Like most German shepherds, he was very attached to his people. We were his pack. He didn’t think he was a person, he thought we were the big dogs with access to the Prize Closet (pantry where his food, chewies and toys were kept). When I sat or lay on the floor at home, he’d park himself right beside me, and nothing made him happier than when both of his people sat on the floor so he could have the whole pack together in a puppy pile.

He loved us, but didn’t much like other people. He was fine around a couple of our friends, and a few family members, but that’s about it. He hated the mailman, of course, and anyone who rang the doorbell.

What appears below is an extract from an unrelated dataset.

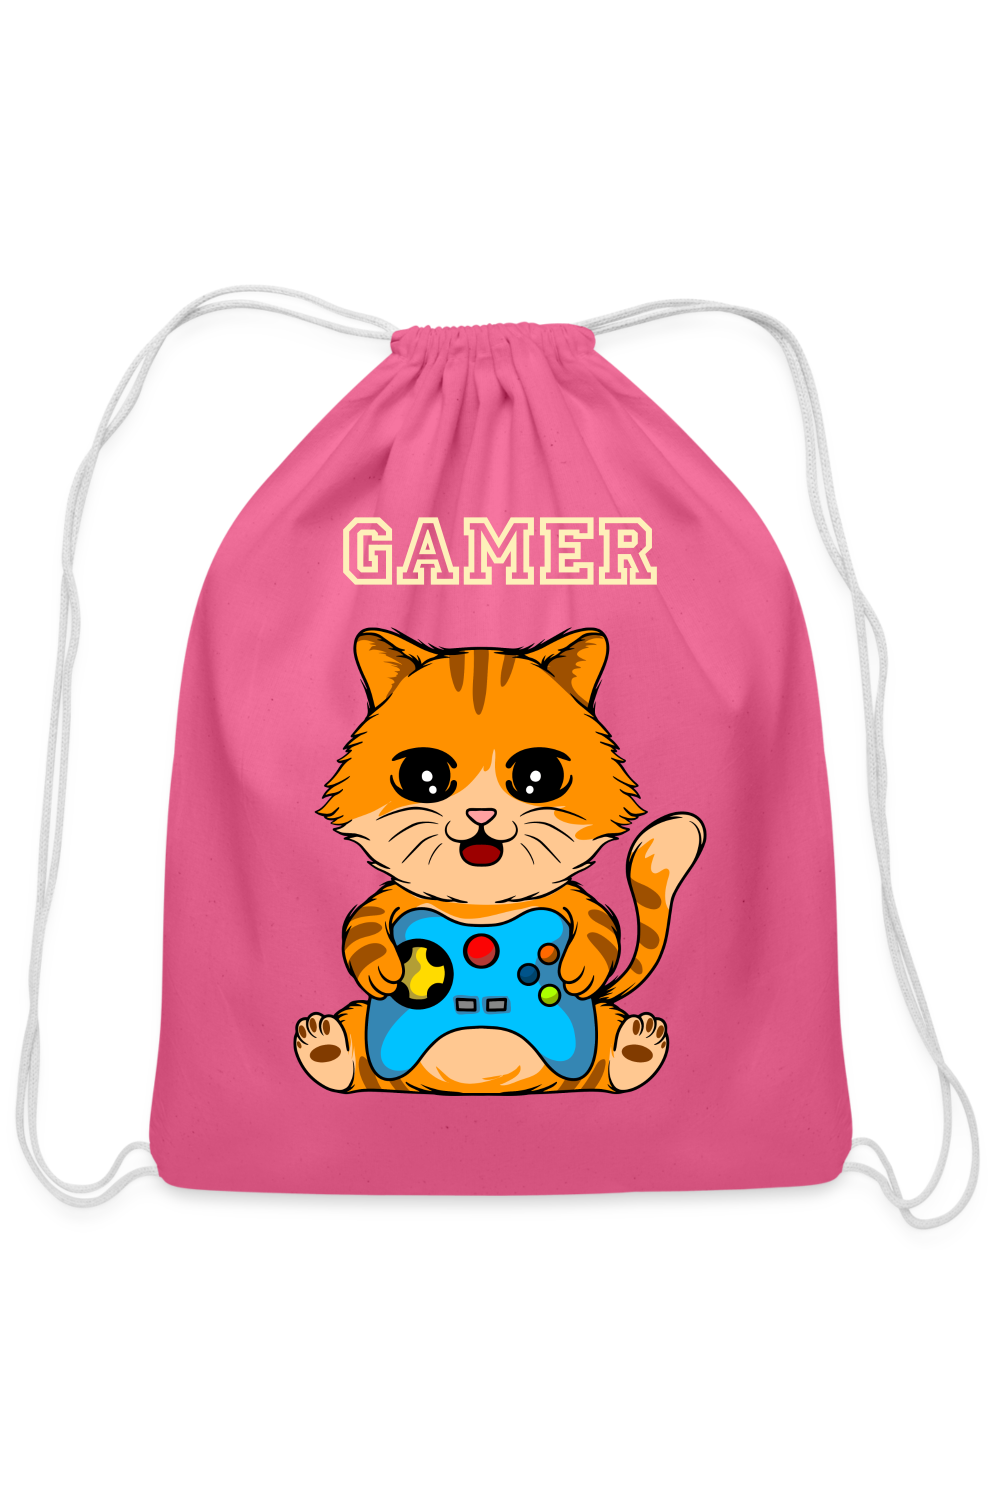 Girls Gamer Cotton Drawstring Bag - pink - NicholesGifts.online

I always said if he had been human he’d have been Rain Man—highly intelligent with few social skills and unable to cope with changes to his routine or environment.

I’ll always be a girl who needs a dog, so I’m sure I’ll have others in my lifetime. I hope they’ll be more social, less headstrong, more easygoing, less crazy. I doubt that they’ll be smarter, or have more personality. His quirks were part of his charm, what made him Gus. I’ll miss having him around, especially when I finish an apple, or peel a banana.